Just bouncing microwaves around in a box would seem to achieve nothing. One impact on one side might move the box infintesimally forward, but the reflection hitting another side would then impart momentum in another direction, and in the aggregate, it should all negate and result in no motion at all.
The only way I can conceive of this working is if you could direct the microwave impacts to only hit the front side of the box. This would require catching any reflecting photons and redirecting them back at the front side, without letting them strike any other surface to impart their momentum. Some sort of non-physical system, like a magnetic containment field, might do the trick, but I have a feeling that there is a “catch” I am not thinking of that would make even that solution not work.
As soon as they said, convert electricity, I stopped.

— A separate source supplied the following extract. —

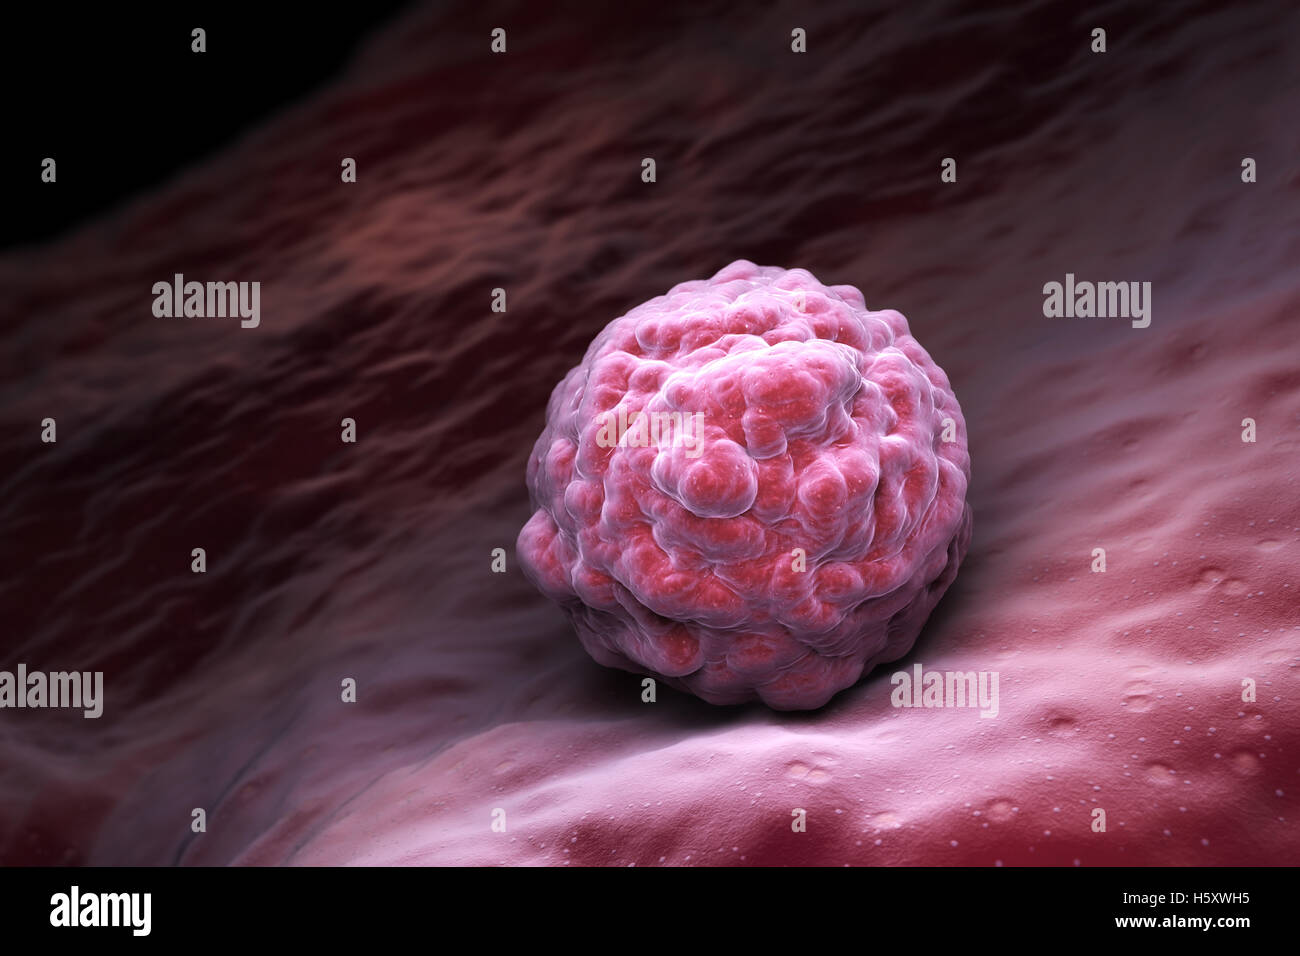 Embryonic stem cells , Cellular therapy , Regeneration , Disease treatment. 3D illustration Stock Photo

Where does the electricity come from? At best perfect nuclear conversion of mass to energy.
Try running the numbers for a machine to get to say 90% light. It is 100,000 fuel to payload ratio. Then there is slowing down and return.
It would be awesome if it is true. Humans would literally OWN the solar system. Probably not beyond it for a long time though.
“If microwave propulsion is proven to work despite defying previously accepted orthodoxies about physics then it simply means there need to be new orthodoxies about physics.”
But the science is settled! There is a consensus! What are you, some kind of denier??